• PROVIDED DATA:
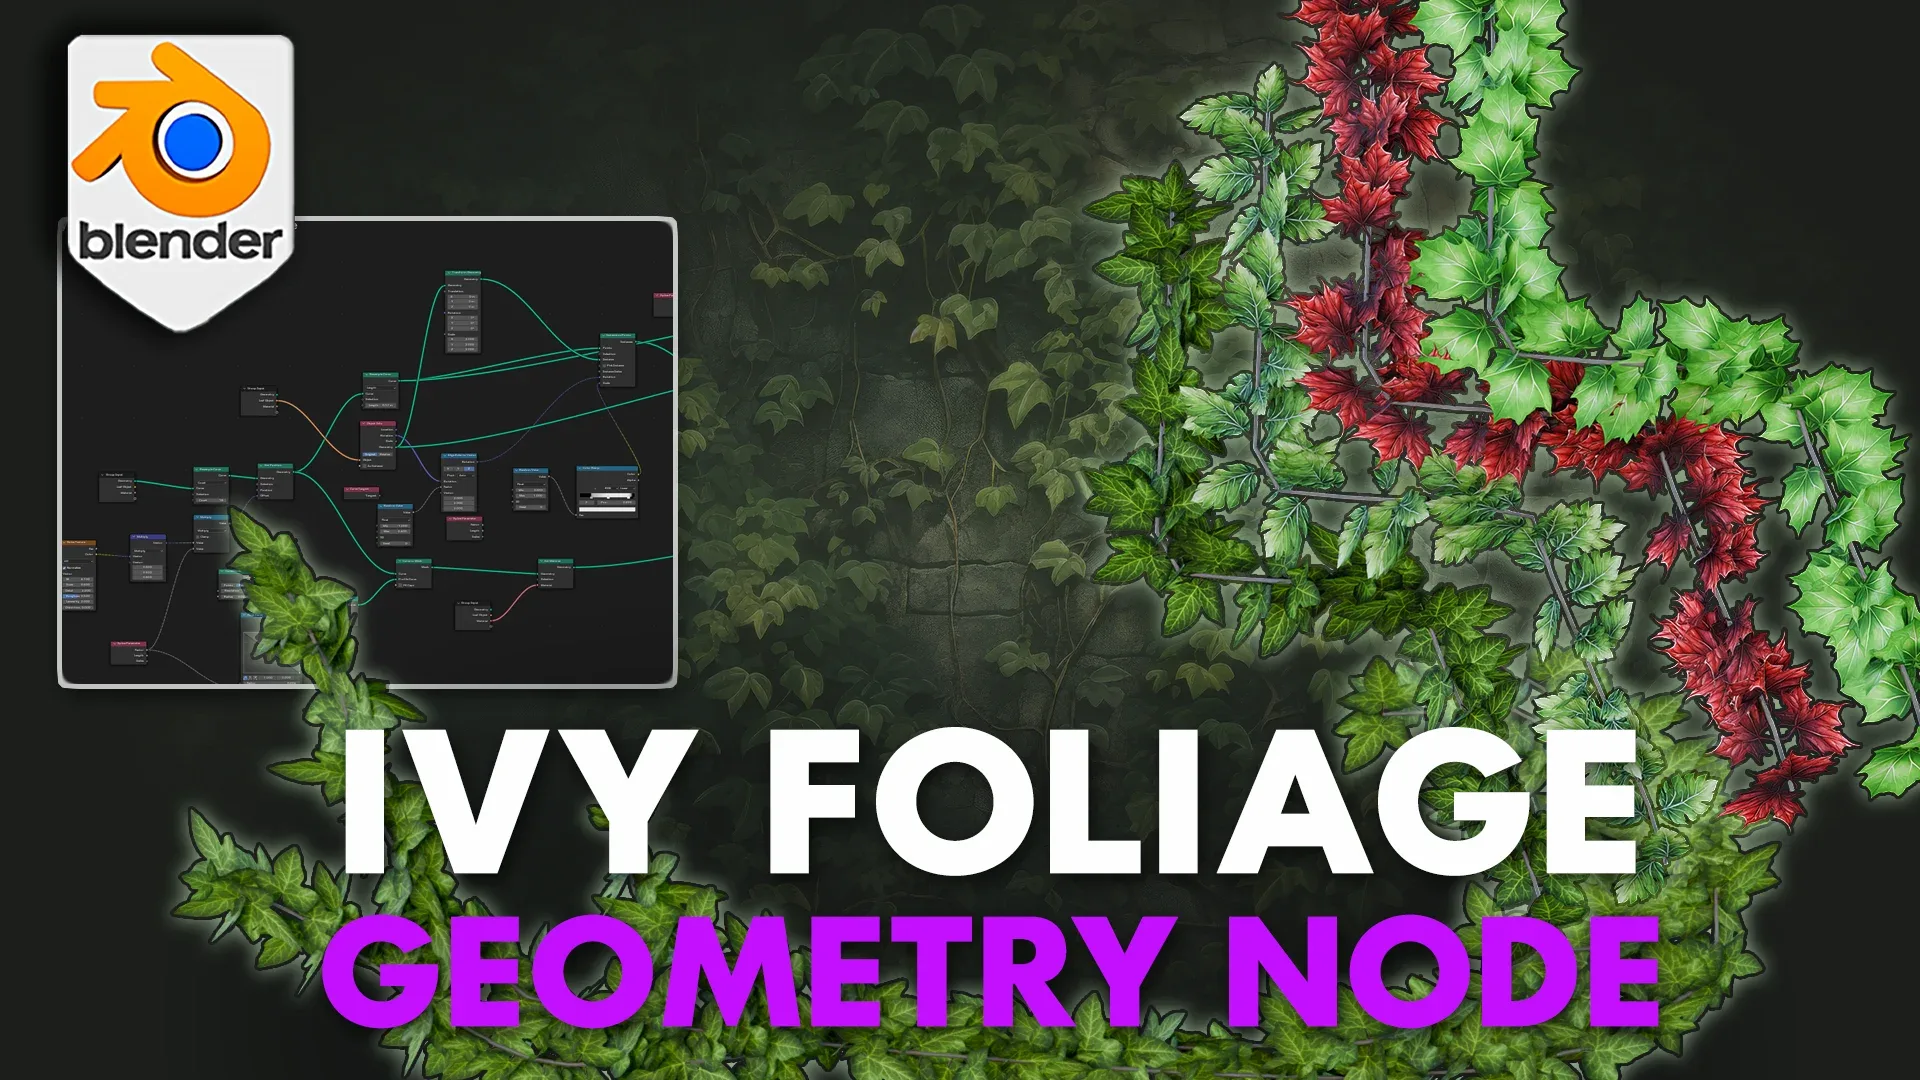 Blender 4 Ivy Foliage Geometry Node
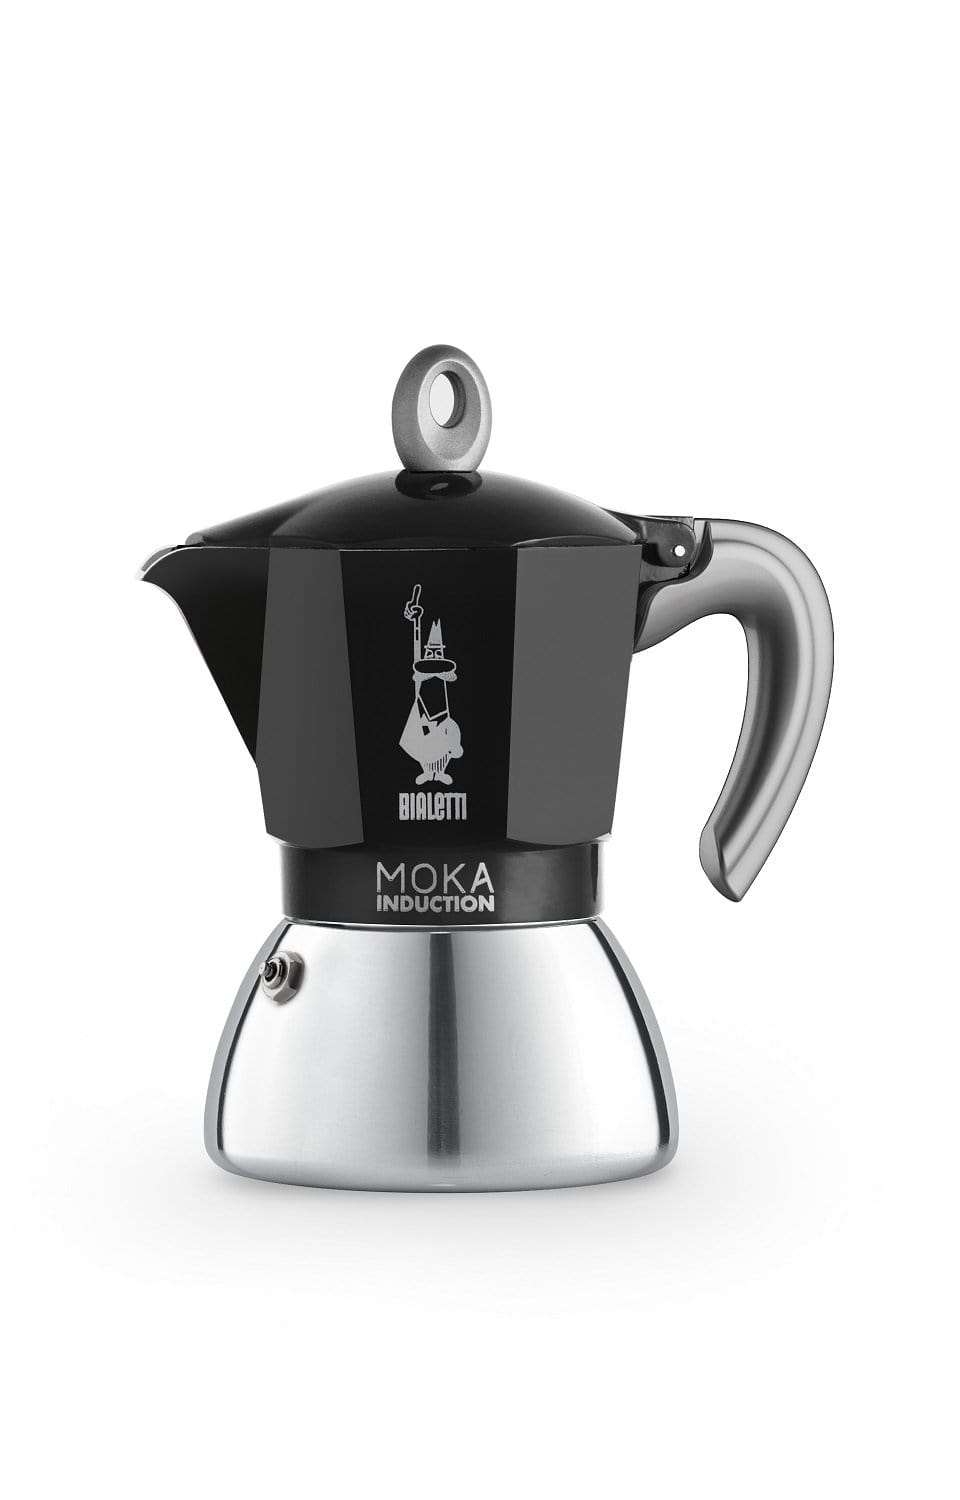 BIALETTI NEW MOKA INDUCTION COFFEE MAKER BLACK 6 CUPS - 6936
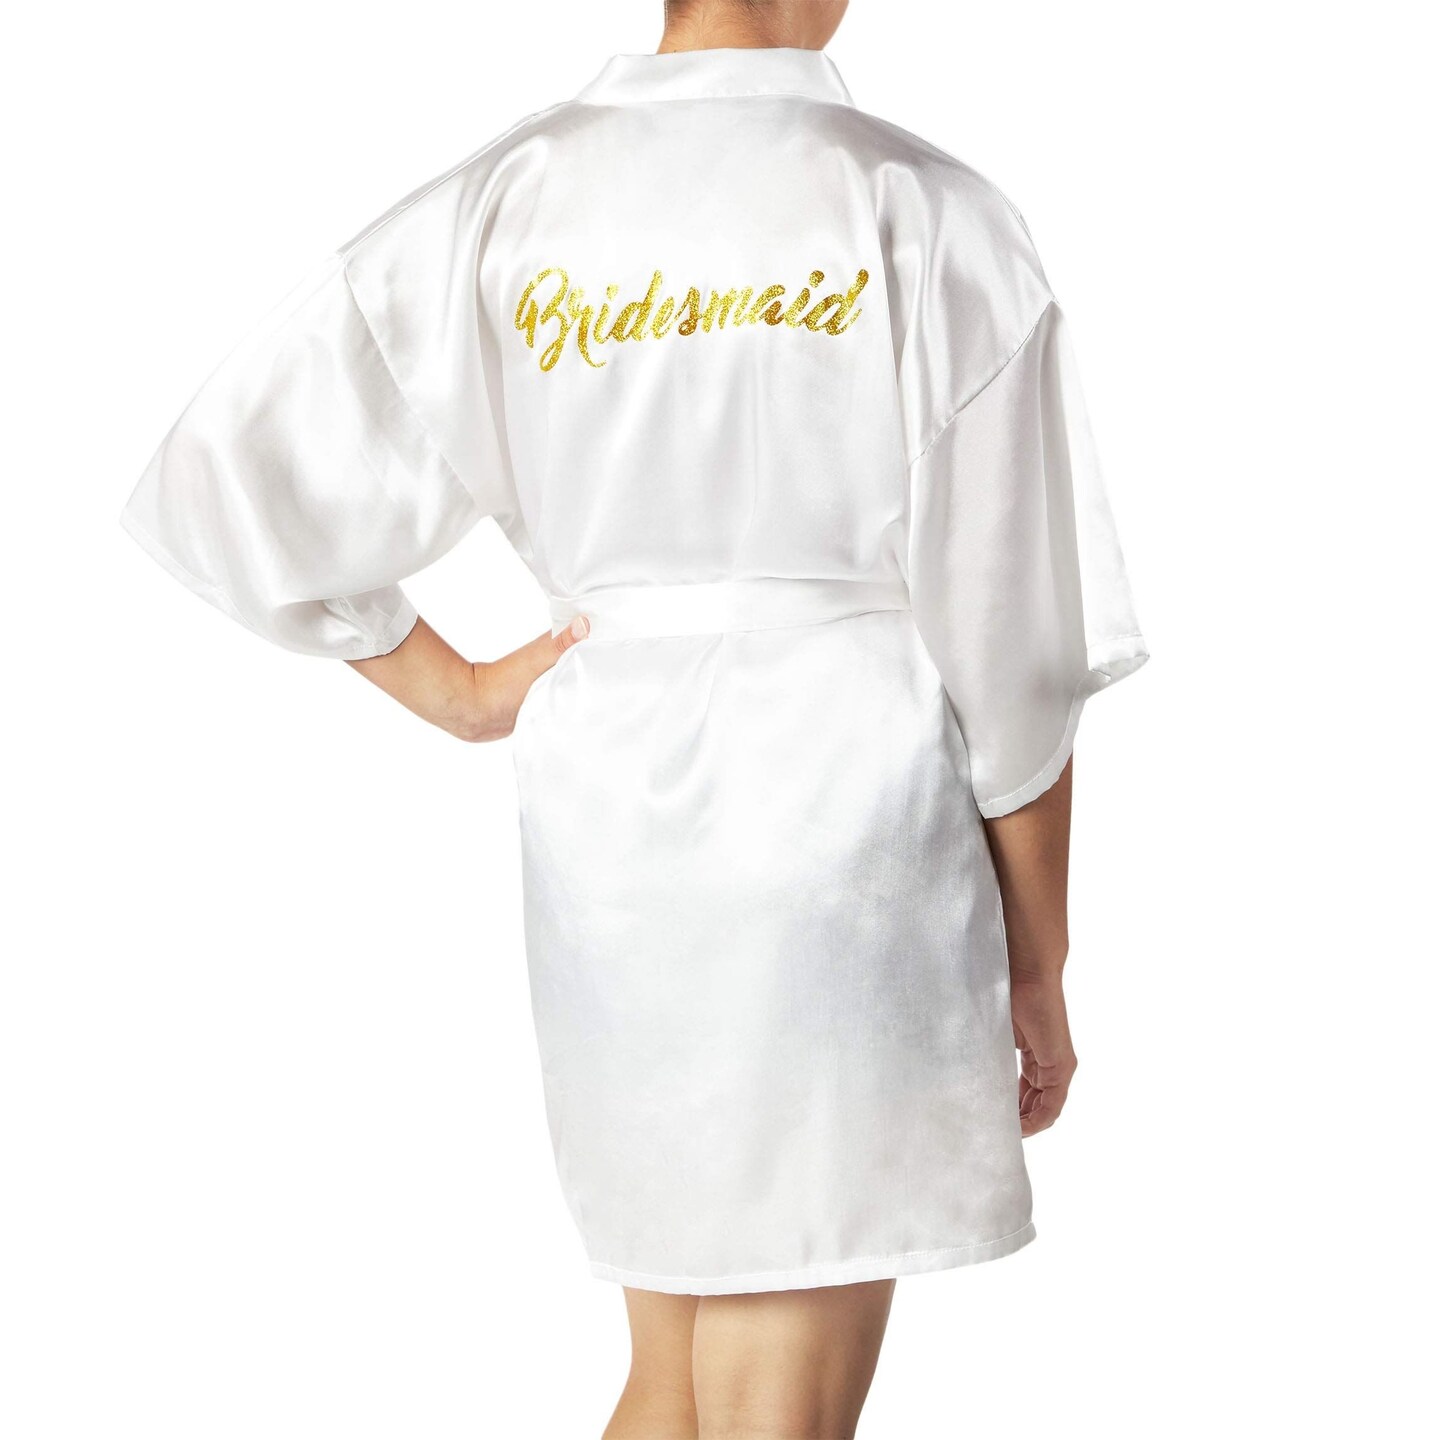 Sparkle and Bash White Satin Kimono Robes for Bridesmaid, Bachelorette Party Gifts (XL)
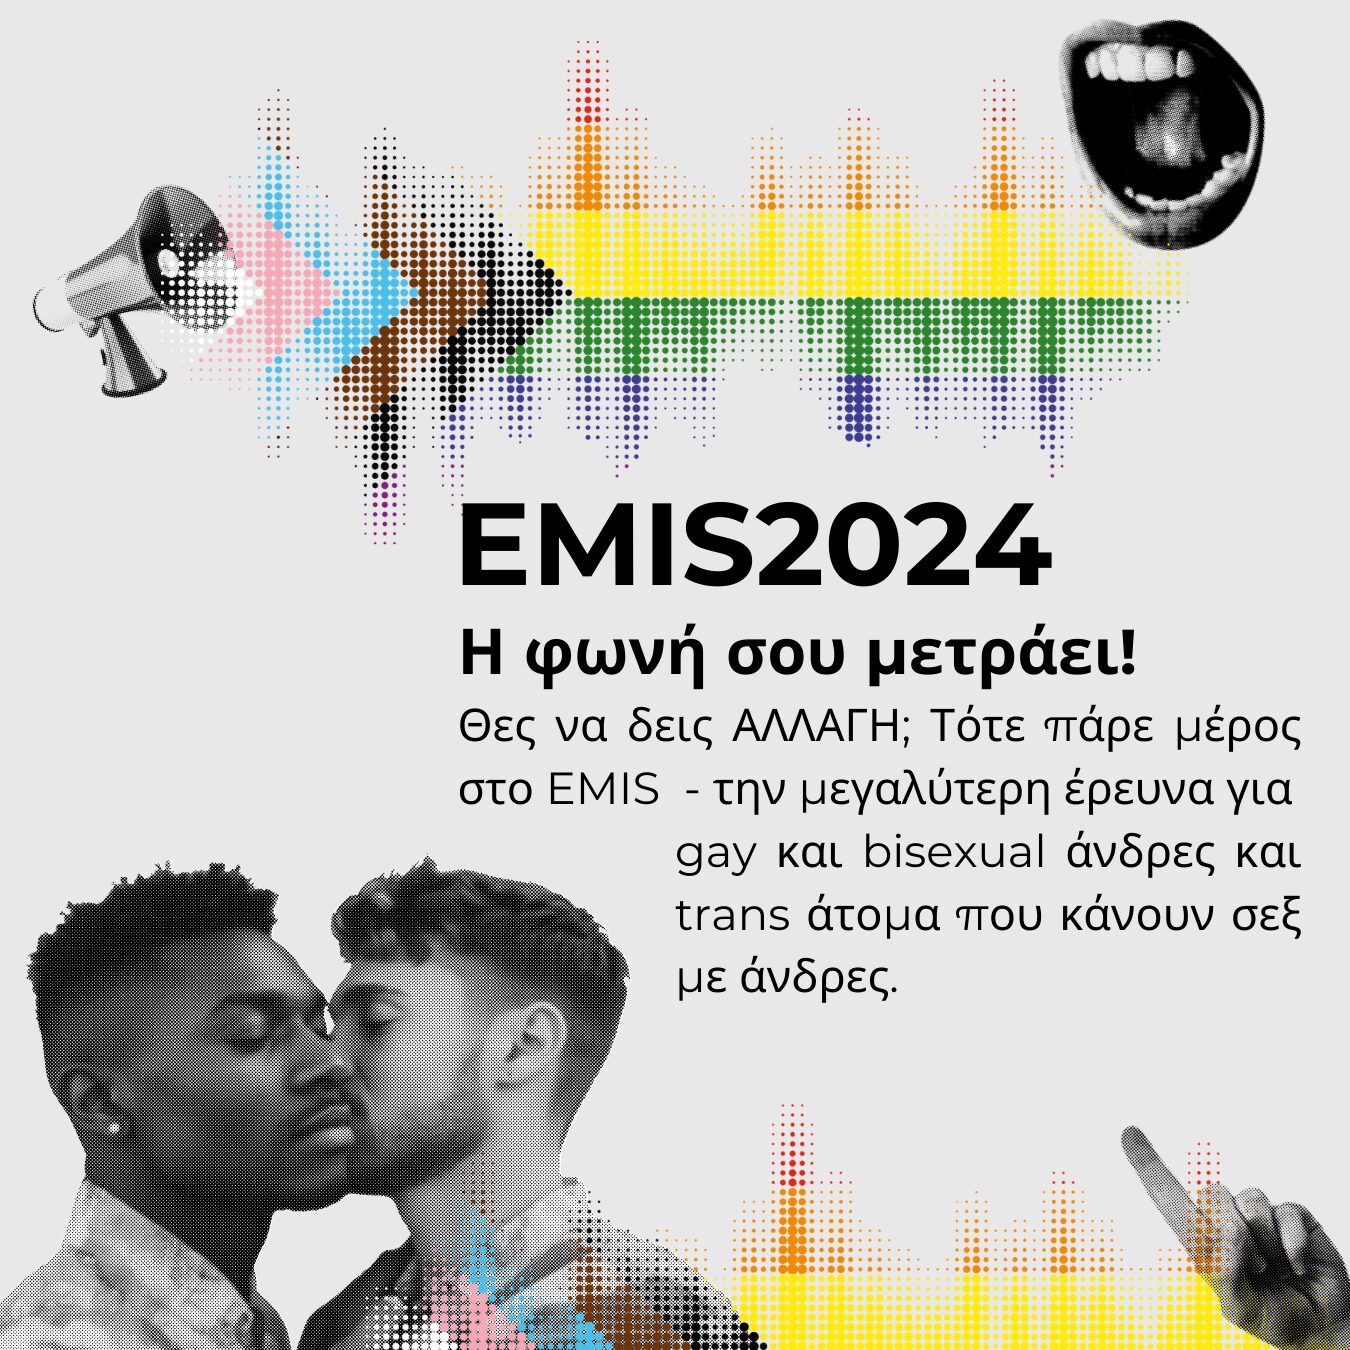 Featured image for “Πάρε μέρος στην πανευρωπαϊκή έρευνα EMIS 2024”

• EXERCISE: With the pictures left out, output exactly the lines that begin at the line containing "BIALETTI NEW MOKA" and end at the last line of the material.

• RESPONSE TO THE TASK:
 BIALETTI NEW MOKA INDUCTION COFFEE MAKER BLACK 6 CUPS - 6936
 Sparkle and Bash White Satin Kimono Robes for Bridesmaid, Bachelorette Party Gifts (XL)
 Featured image for “Πάρε μέρος στην πανευρωπαϊκή έρευνα EMIS 2024”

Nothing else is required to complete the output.